- **Brief**: Nothing outside the range below should be printed. Output exactly the lines from the line with "seller man, street, chamber, shop, old, Baghdad, by" to the line with "Lenovo ThinkPad Edge", both included.

- **Recorded data**:
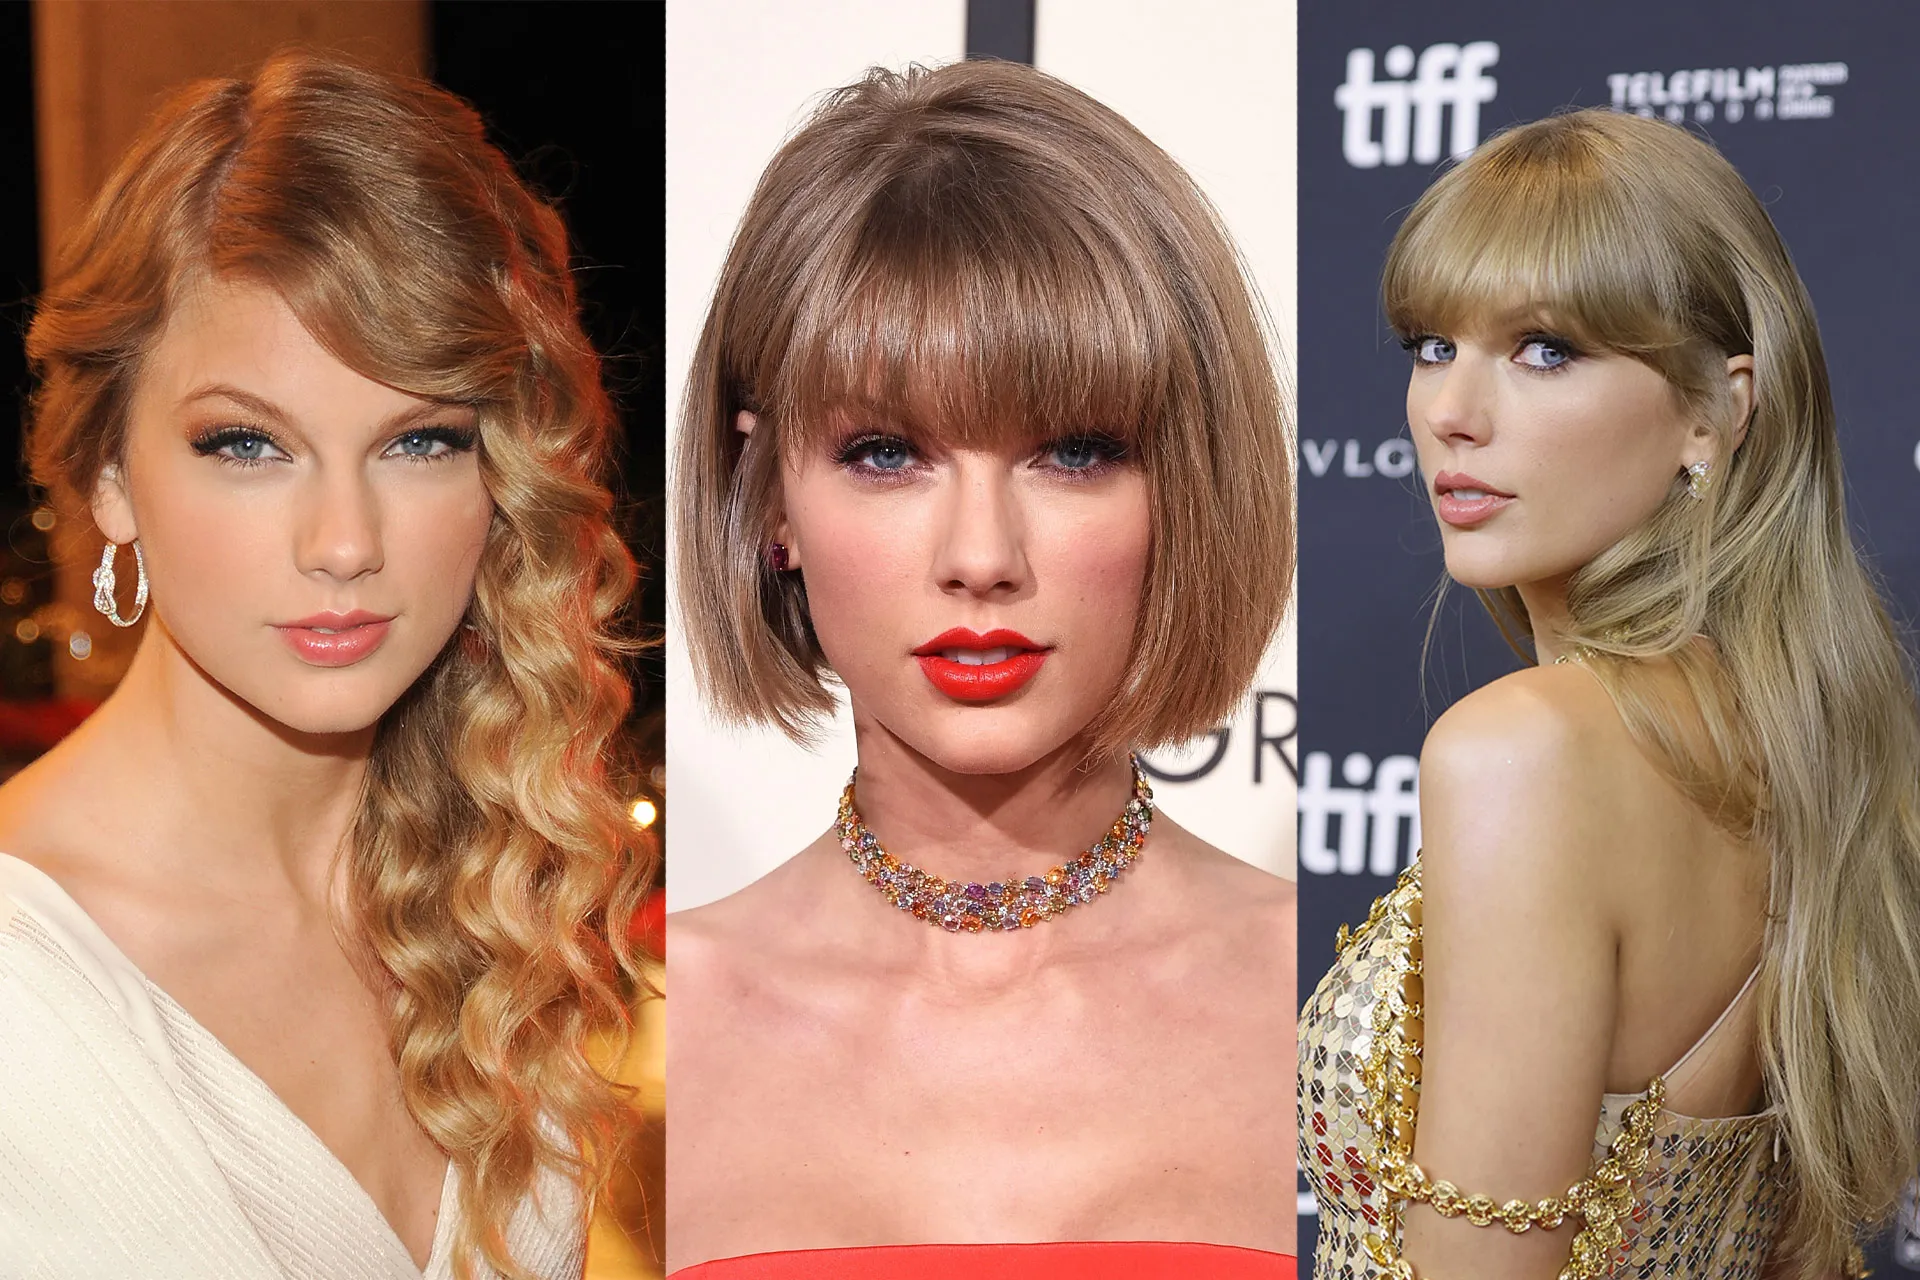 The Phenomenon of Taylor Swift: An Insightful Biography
...
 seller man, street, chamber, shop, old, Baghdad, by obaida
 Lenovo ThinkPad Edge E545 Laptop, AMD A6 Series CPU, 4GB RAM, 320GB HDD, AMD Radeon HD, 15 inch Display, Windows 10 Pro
* * *
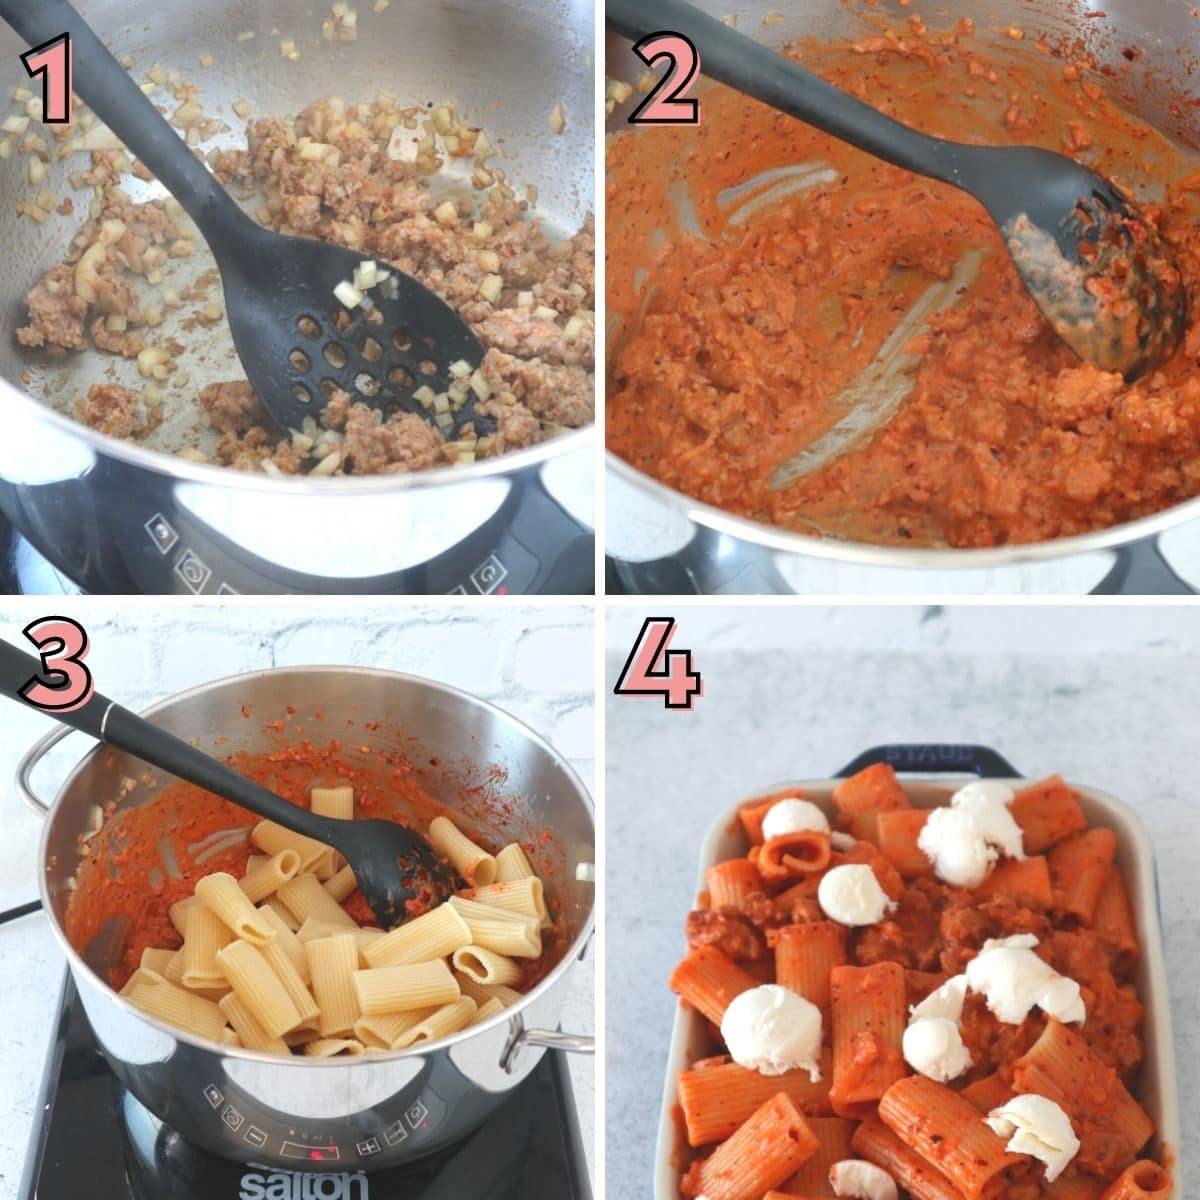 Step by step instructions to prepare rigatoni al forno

- **Result**:
 seller man, street, chamber, shop, old, Baghdad, by obaida
 Lenovo ThinkPad Edge E545 Laptop, AMD A6 Series CPU, 4GB RAM, 320GB HDD, AMD Radeon HD, 15 inch Display, Windows 10 Pro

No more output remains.